— Вы прекрасно это описали.
— У Джейсона получалось куда лучше. Он, можно сказать, влюбился в окружающий мир с самого детства. Или в структуру мира, его строение. В его музыку. Ай!
— Прошу прощения. А Диана влюбилась в Джейсона.
— Влюбилась в то, что она его сестра. Можно сказать, что она гордилась братом.
— А вы влюбились в то, что вы его друг.
— Пожалуй, да.
— И в Диану. — Да.
— А она в вас.
— Возможно. Надеюсь.
— И что же, если можно такое спросить, у вас не заладилось?
— А почему вы думаете, что что-то не заладилось?
— Вас и сейчас связывает любовь, обоих. Но не так, как пару, прожившую вместе многие годы. Что-то вас разделило. Извините, я понимаю, что вопрос мой в высшей степени нескромен.
Да, что-то нас разделило. Многое нас разделяло. Наиболее очевидный виновник — «Спин». Ее «Спин» устрашил безмерно, причин этого я так до конца и не уяснил. Как будто он отвергал самые основы ее существования. Что составляло для нее основы жизни? Ее упорядоченность: друзья, семья, работа — некая осязаемость вещей и явлений в семье, в «большом доме»; хоть уже и хрупкая, более желаемая, чем реальная.

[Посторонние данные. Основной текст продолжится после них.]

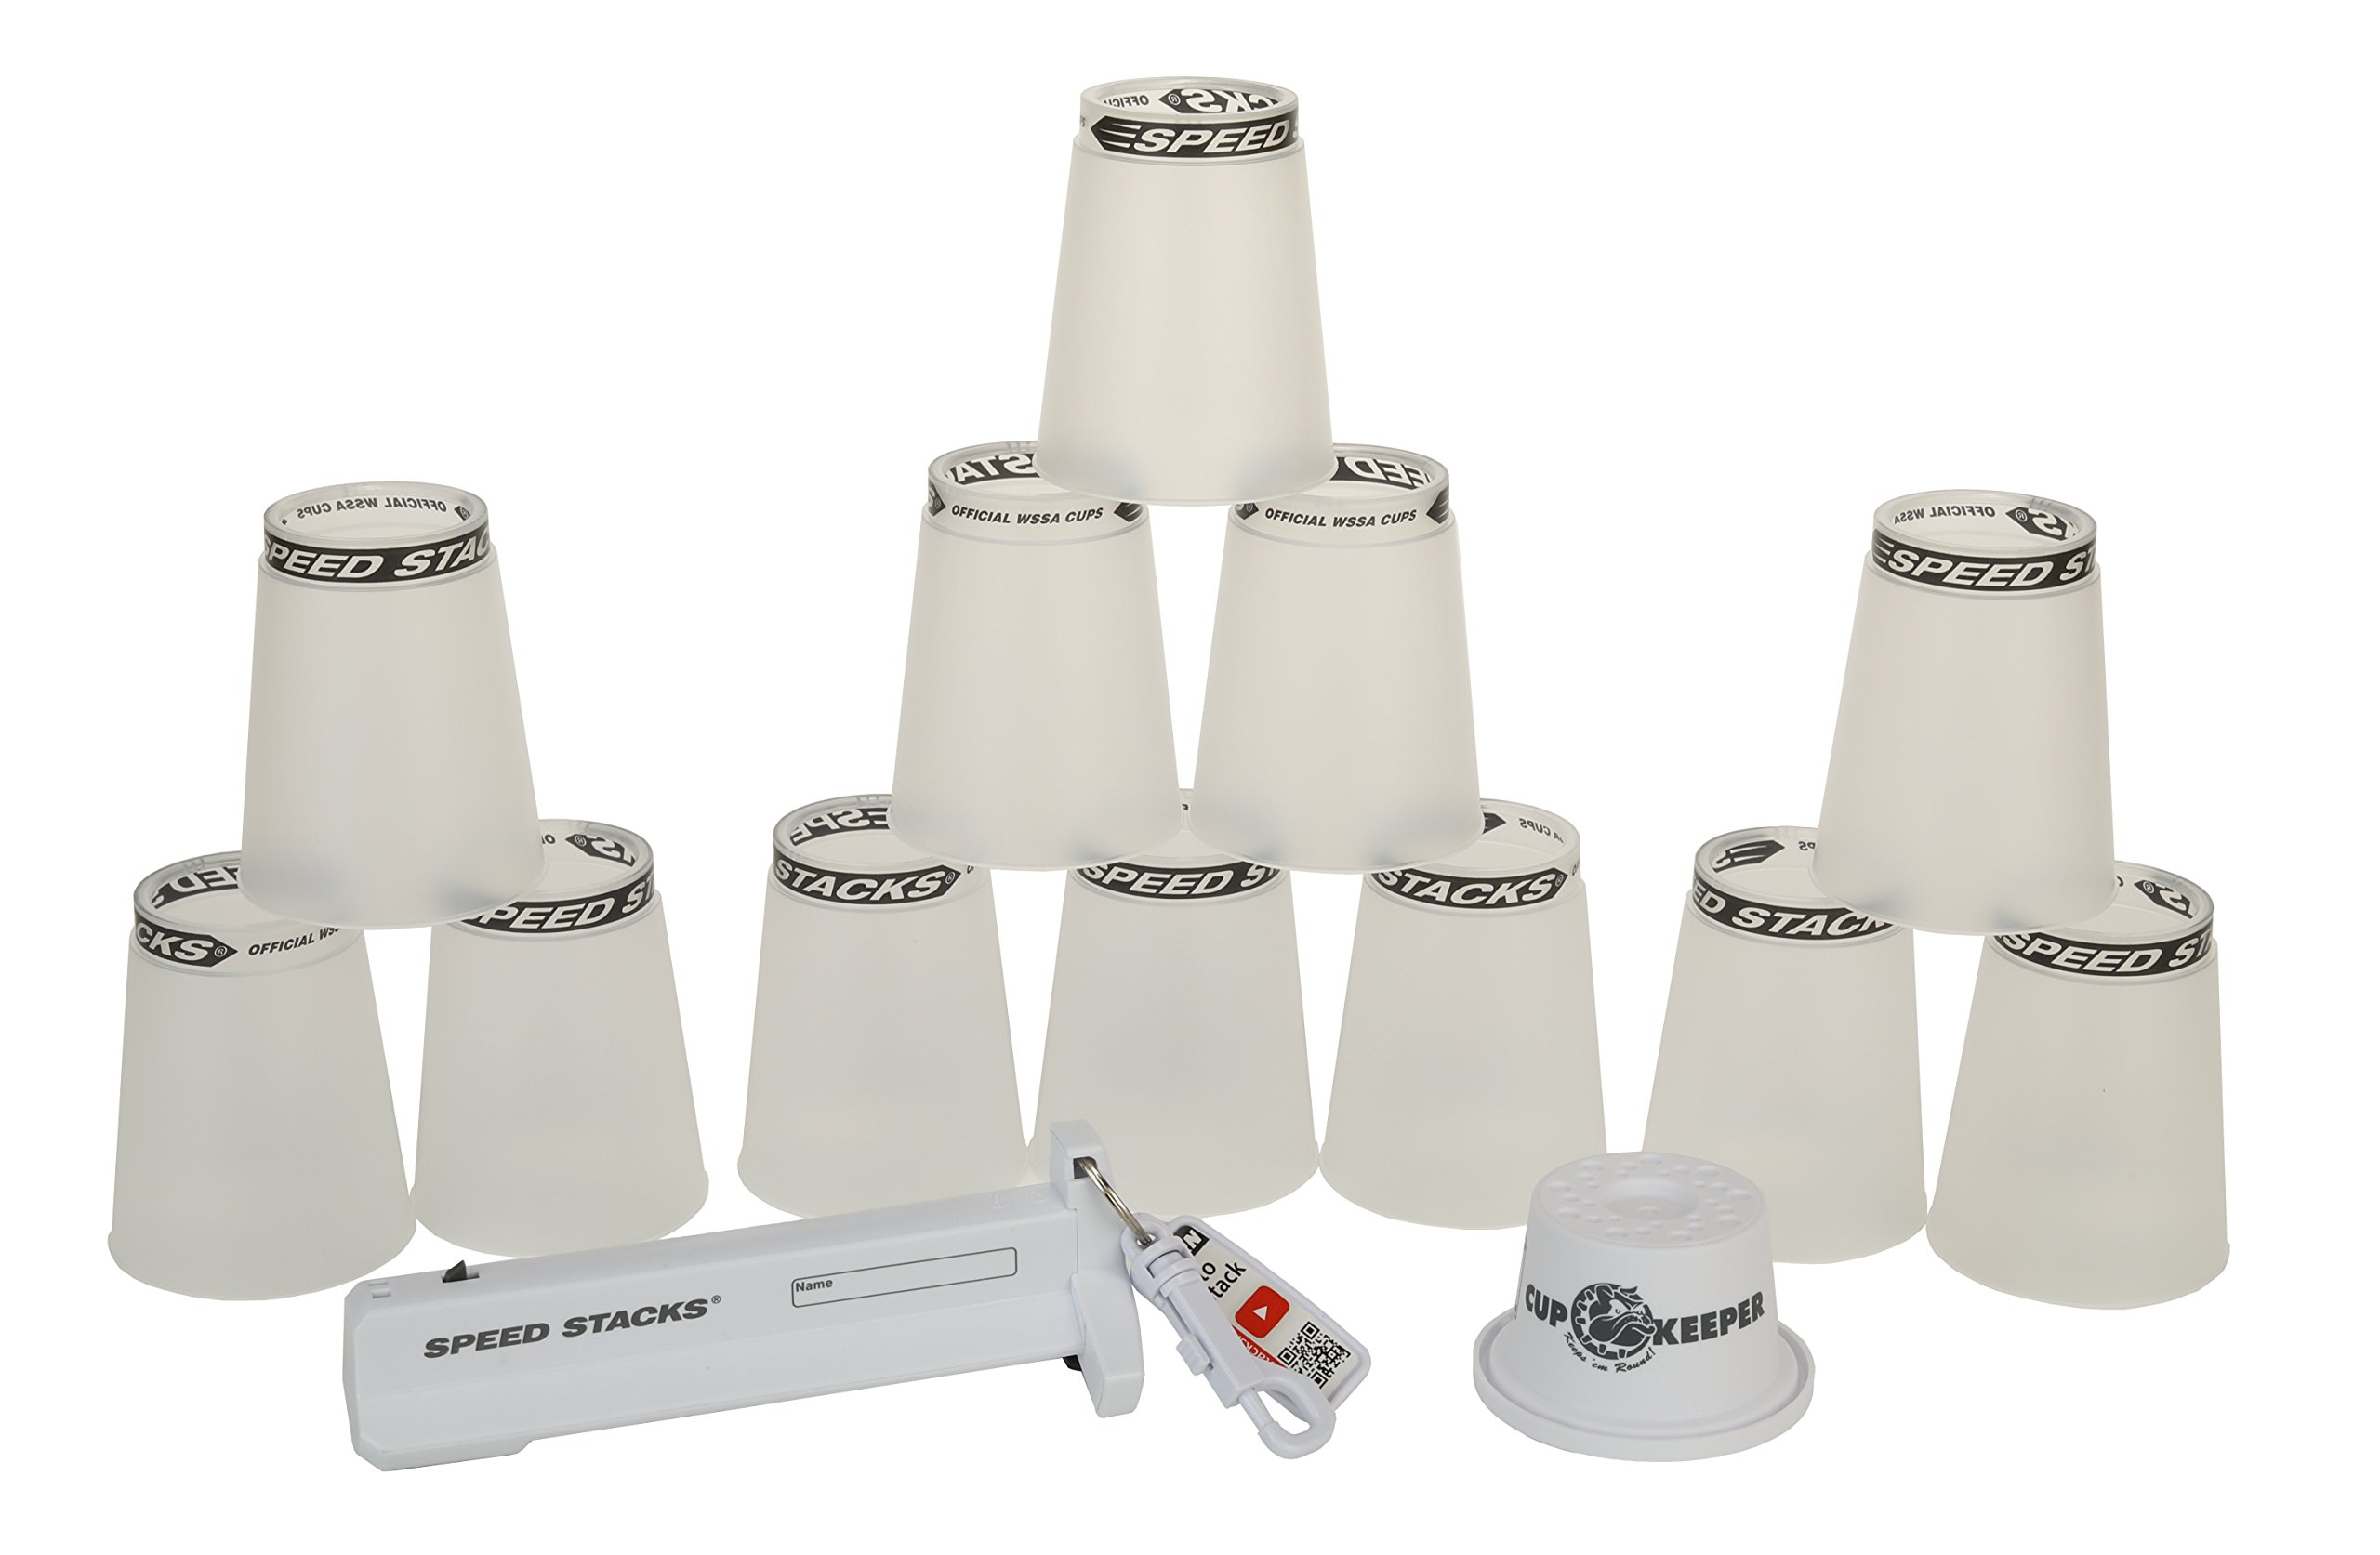 Speed Stacks Set - Pro Series 2X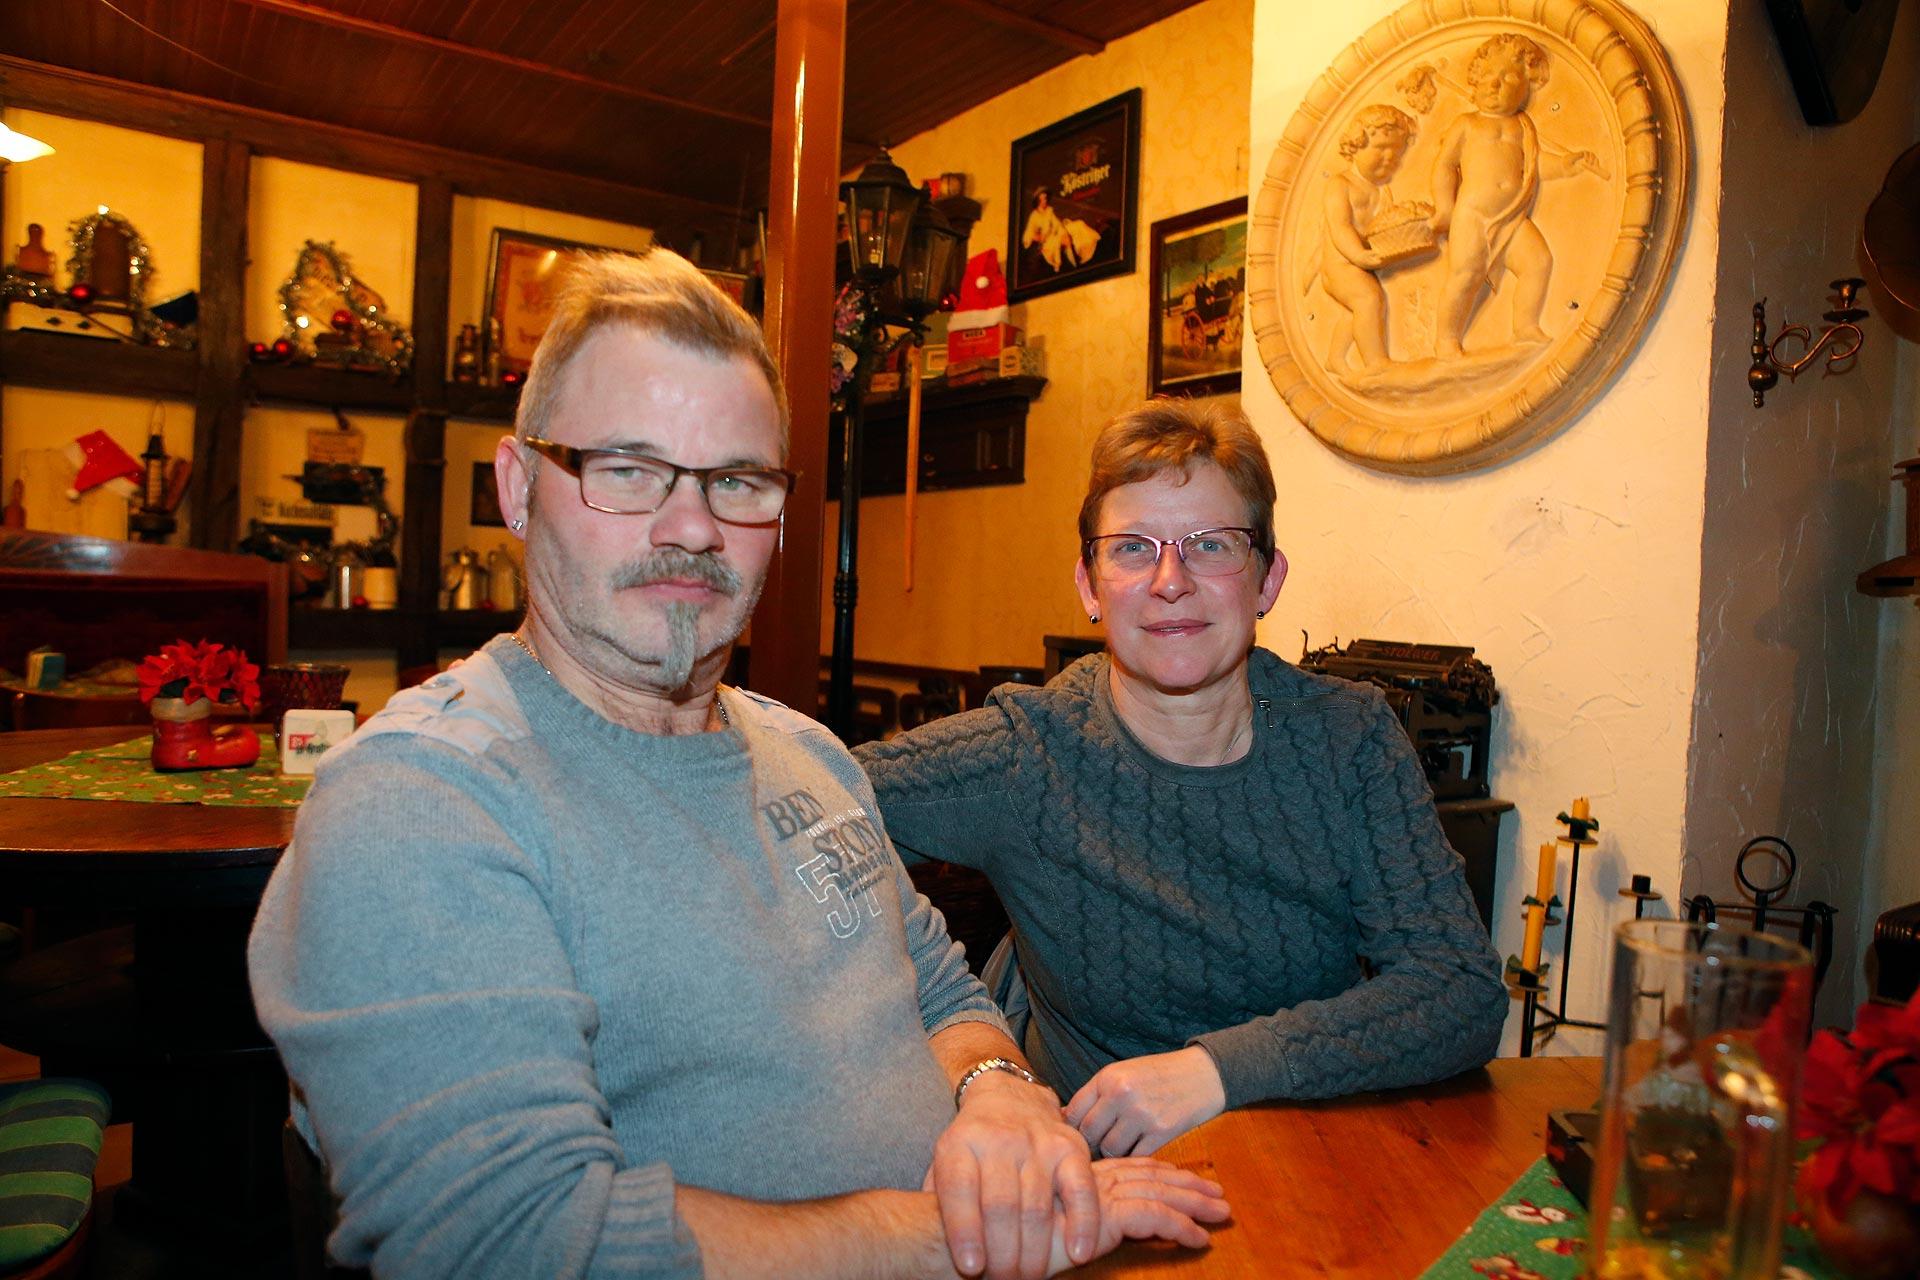 Frank und Birgit Mock wohnen gleich um die Ecke und kommen seit 16 Jahren hierher

«Большой дом» предал ее, в конце концов, и Джейсон «предал» ее. Привлекавшие его научные идеи, поначалу казавшиеся ей интересными игрушками-безделушками, милыми подарками — гармония Ньютона и Эвклида, — становились все более странными и пугающими. Выводы Планка, превращающие реальные вещи черт знает во что, треугольники Лобачевского с суммой углов больше ста восьмидесяти градусов, запечатанные сами в себе немыслимой собственной плотностью черные дыры, в которых не действовали причинно-следственные зависимости; Вселенная, не просто расширяющаяся, но ускоренно стремящаяся к собственной гибели… Однажды, когда Святой Августин еще не умер, она мне сказала, что, гладя собаку, хочет ощущать ее тепло, шероховатость ее шерсти, чувствовать ее жизнь, а не считать ее пульс или обдумывать гигантские промежутки, разделяющие атомы и электроны составляющей ее материи. Она хотела, чтобы Сент-Дог был самим собою, был единым целым, а не суммой каких-то кошмарных составляющих, не мимолетным «Энифеноменом», побочным явлением бытия третьей планеты захолустной звезды, умирающей на краю одной из бессчетных галактик. Мало в ее жизни выпало моментов истинной теплой привязанности, любви, и каждое такое мгновение ей хотелось сохранить в небесах, защитить от холода чуждой Вселенной.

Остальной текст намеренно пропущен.